Flexibility. Microsoft Excel is convenient for processing tables that are relatively small so that they can easily fit onto a few computer screens. Once you find yourself in the position where you have to process huge tables with thousands of rows and columns the advantages of scripting languages become obvious. Moreover, each Python distribution comes with a large entourage of libraries where most of the standard data processing algorithms have already been implemented.

Using clearly visible procedures that are not mingling with the data to be analyzed is the most efficient way to process data. This is the corner-stone of any approach to modern data processing.

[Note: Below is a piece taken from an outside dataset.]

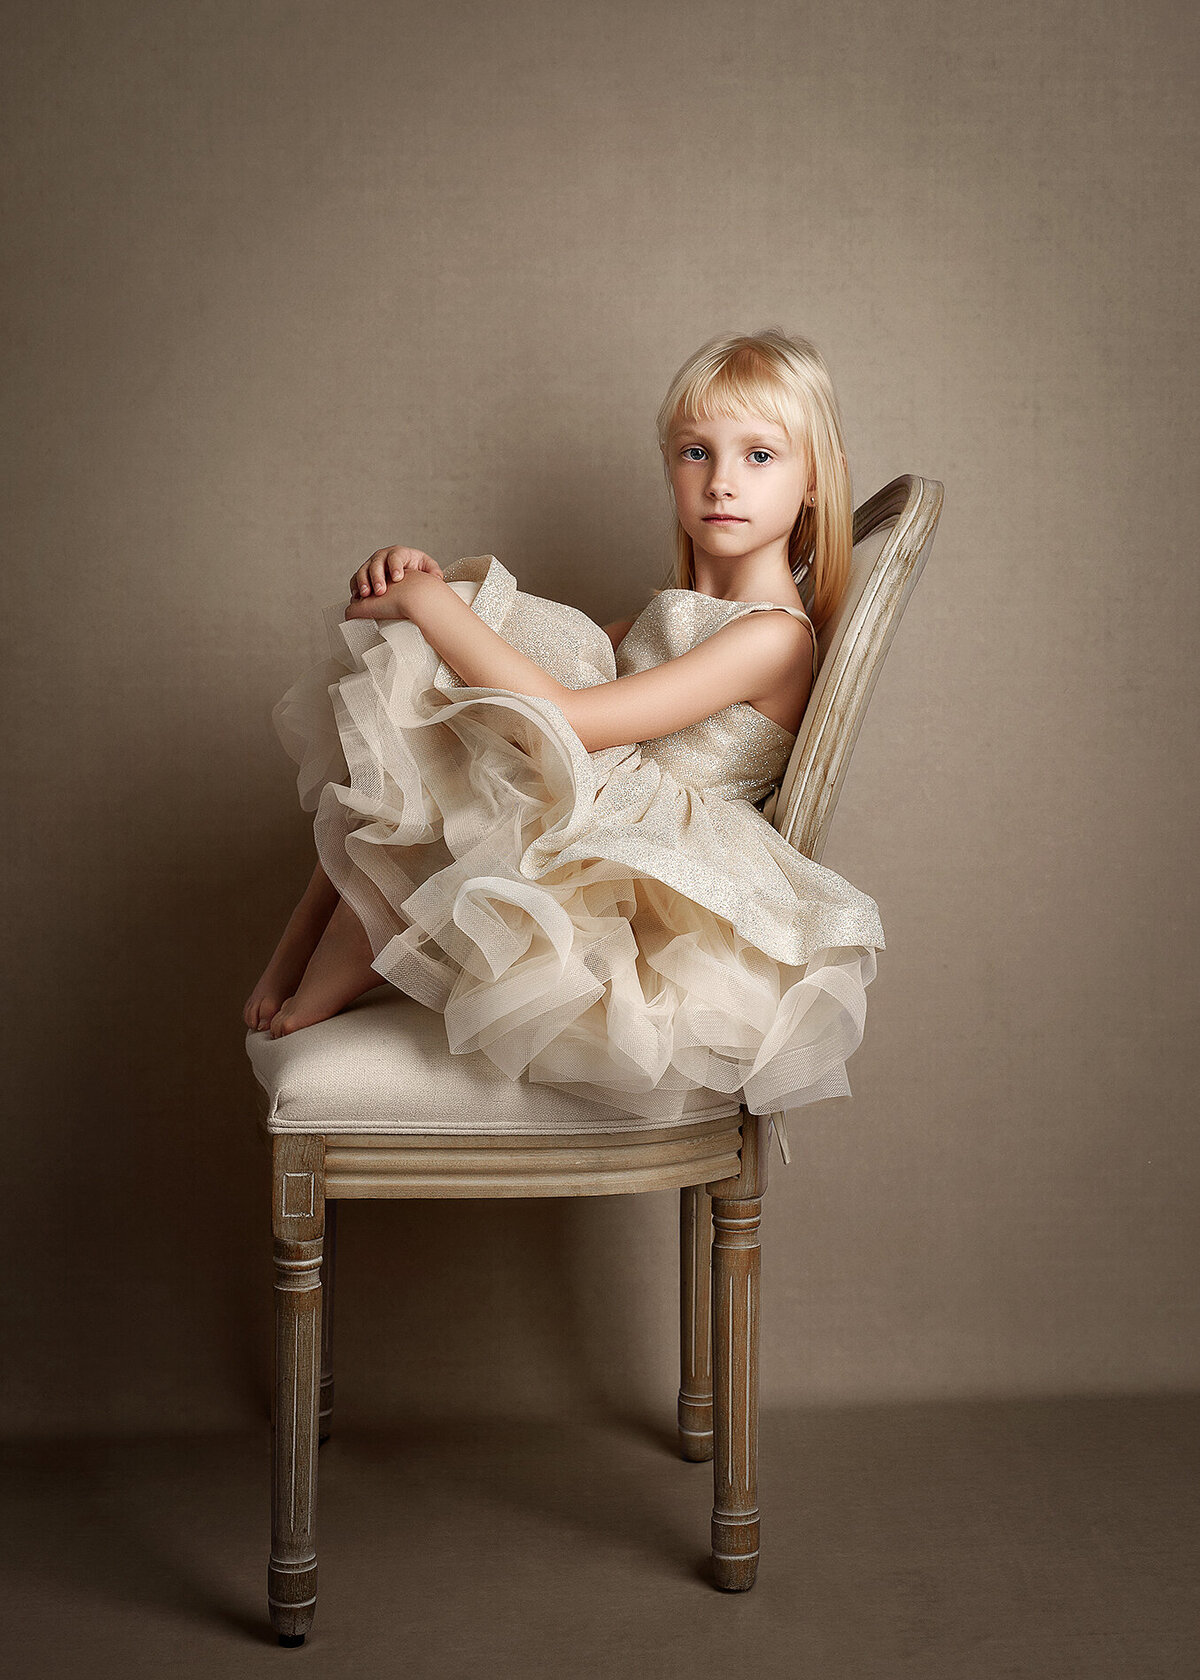 5 year old girl posed sitting on a chair Oswego

10.2. Loading tables from local Excel files¶

Each Excel document consists of several worksheets. Each worksheet is a table which can be accessed through its name:

Worksheets

Because Microsoft Excel is the most popular spreadsheet program in the world the pandas library has a way to load a worksheet of an Excel document into a DataFrame. If an Excel document consists of several worksheets, we have to load it as several DataFrames -- one DataFrame per worksheet.

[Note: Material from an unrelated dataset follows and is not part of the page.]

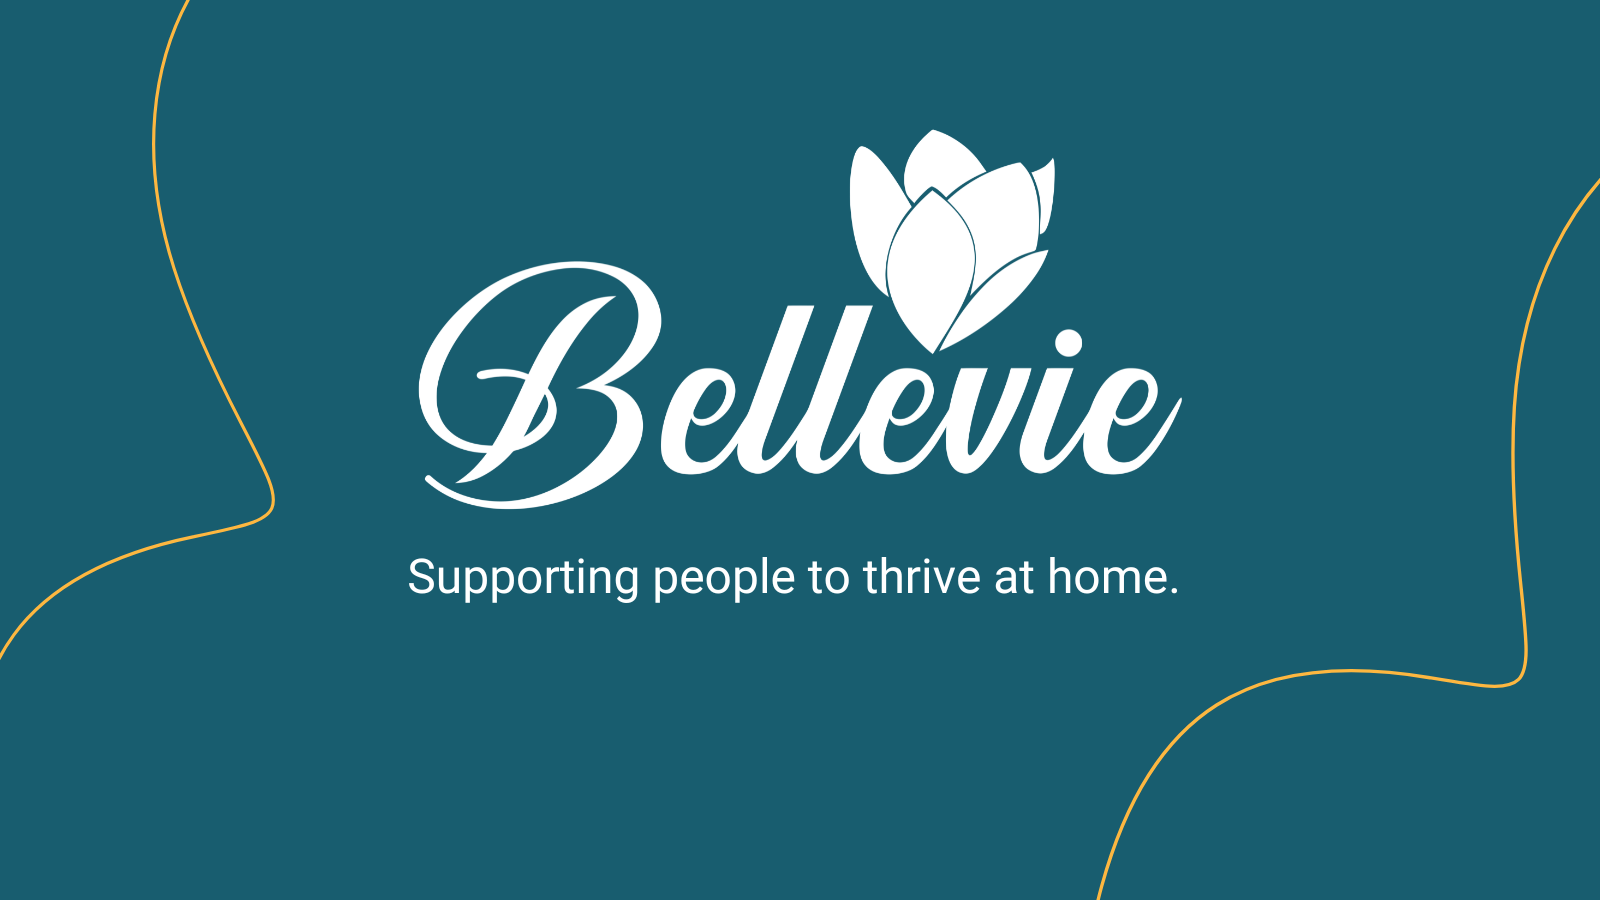 BelleVie raises £2.1 million in seed funding and grants to boost award-winning care model across the UK

For example, the file data/Additives.xlsx has a single worksheet "E-numbers" which we load into a DataFrame straightforwardly:

In [1]:

import pandas as pd
additives = pd.read_excel("data/Additives.xlsx", sheet_name="E-numbers")

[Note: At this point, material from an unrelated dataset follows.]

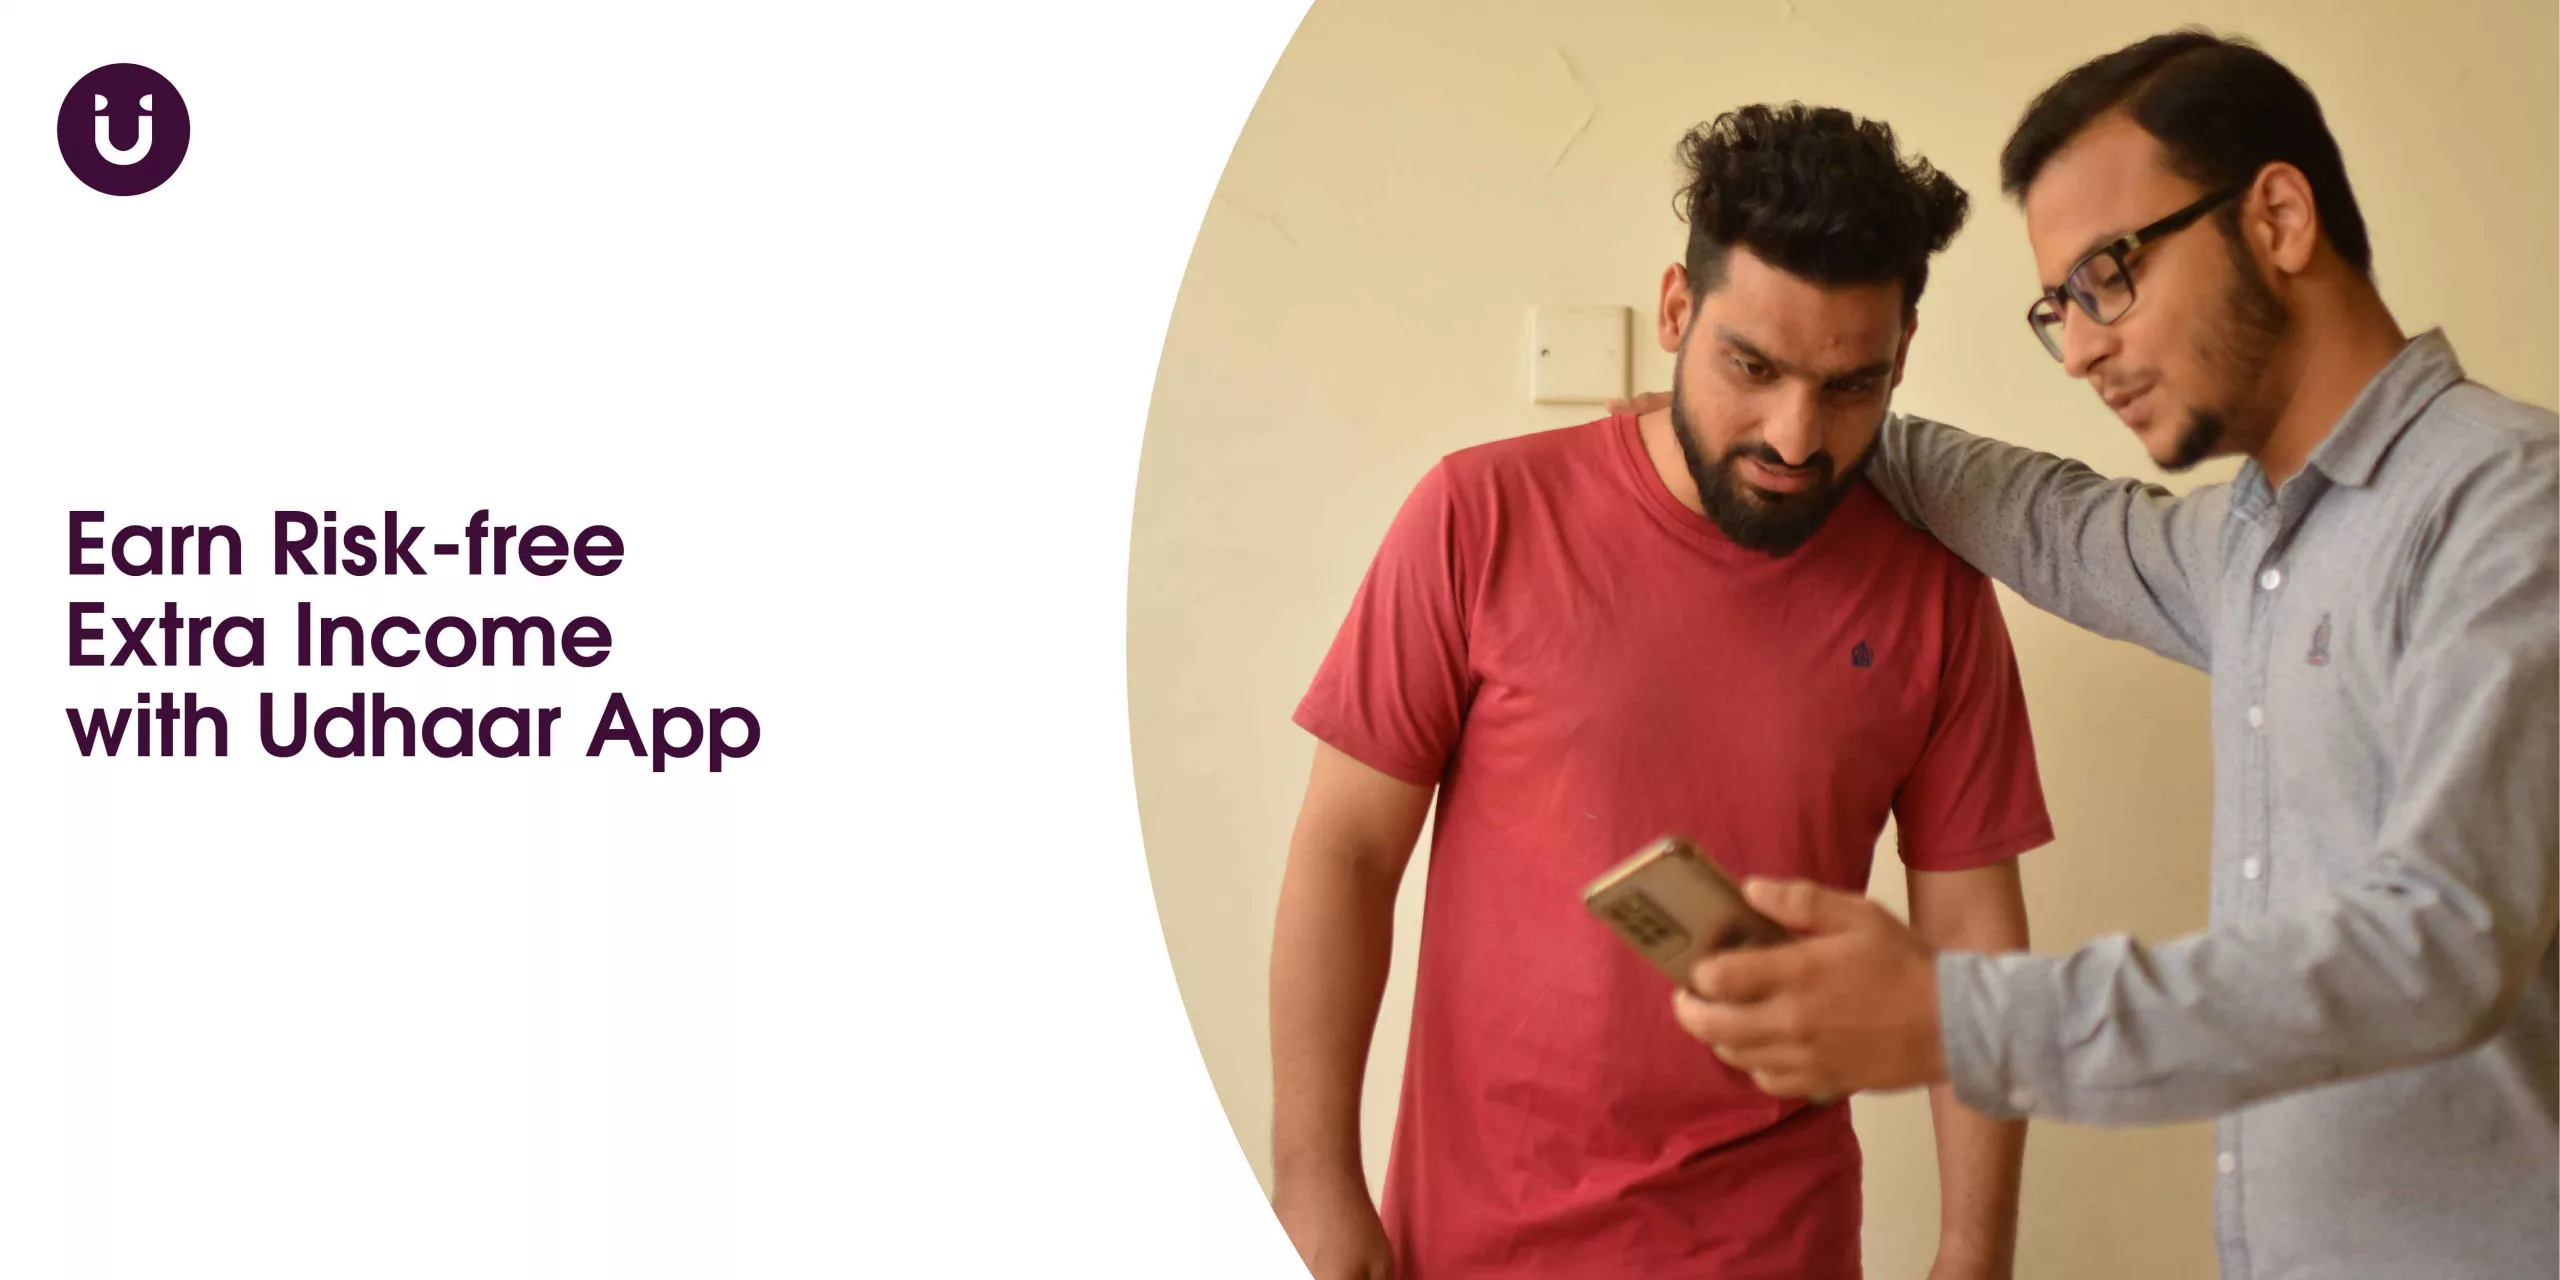 Earn Risk-free Extra Income with Udhaar App

This file contains some basic information about additives, which are substances used in food industry to preserve food or enhance its color and taste. Let us peek at the table:

In [2]:

additives.head(15)

Out[2]:

	E-number	Status	Comment
0	100	harmless	NaN
1	101	harmless	NaN
2	102	DANGEROUS	NaN
3	104	harmless	NaN
4	105	harmless	NaN
5	110	DANGEROUS	NaN
6	111	harmless	NaN
7	120	DANGEROUS	NaN
8	121	harmless	NaN
9	123	DANGEROUS	NaN
10	124	DANGEROUS	NaN
11	125	lab trials	NaN
12	130	harmless	NaN
13	131	HARMFUL	may cause cancer
14	132	harmless	NaN

The cells that were empty in the Excel table get a special NaN value, which stands for "not a number". Since in our case these cells represent comments, we wish the empty cells to remain empty. So, we shall reload the table, but this time instruct the system not to complain about empty cells:

In [3]:

additives = pd.read_excel("data/Additives.xlsx", sheet_name="E-numbers", na_filter=False)
additives.head(15)

Out[3]:

	E-number	Status	Comment
0	100	harmless
1	101	harmless
2	102	DANGEROUS
3	104	harmless
4	105	harmless
5	110	DANGEROUS
6	111	harmless
7	120	DANGEROUS
8	121	harmless
9	123	DANGEROUS
10	124	DANGEROUS
11	125	lab trials
12	130	harmless
13	131	HARMFUL	may cause cancer
14	132	harmless

The option na_filter=False instructs the read_excel function to "switch off artificial intelligence" and leave empty cells empty. Let us make a frequency analysis based on the harmfulness of additives.

In [4]:

additives["Status"].value_counts()

Out[4]:

HARMFUL       33
harmless      29
lab trials    10
DANGEROUS      5
Name: Status, dtype: int64

Let us now filter the table to single out additives that may cause cancer:

In [5]:

additives[additives.Comment == "may cause cancer"]

Out[5]:

	E-number	Status	Comment
13	131	HARMFUL	may cause cancer
17	142	HARMFUL	may cause cancer
28	210	HARMFUL	may cause cancer
29	211	HARMFUL	may cause cancer
30	213	HARMFUL	may cause cancer
31	214	HARMFUL	may cause cancer
32	215	HARMFUL	may cause cancer
33	216	HARMFUL	may cause cancer
34	217	HARMFUL	may cause cancer
45	239	HARMFUL	may cause cancer
55	330	HARMFUL	may cause cancer

Finally, let us list the additives that are marked as DANGEROUS or may cause cancer. To do so we have to combine two filtering criteria:

Comment == "may cause cancer"  or  Status == "DANGEROUS" (or both)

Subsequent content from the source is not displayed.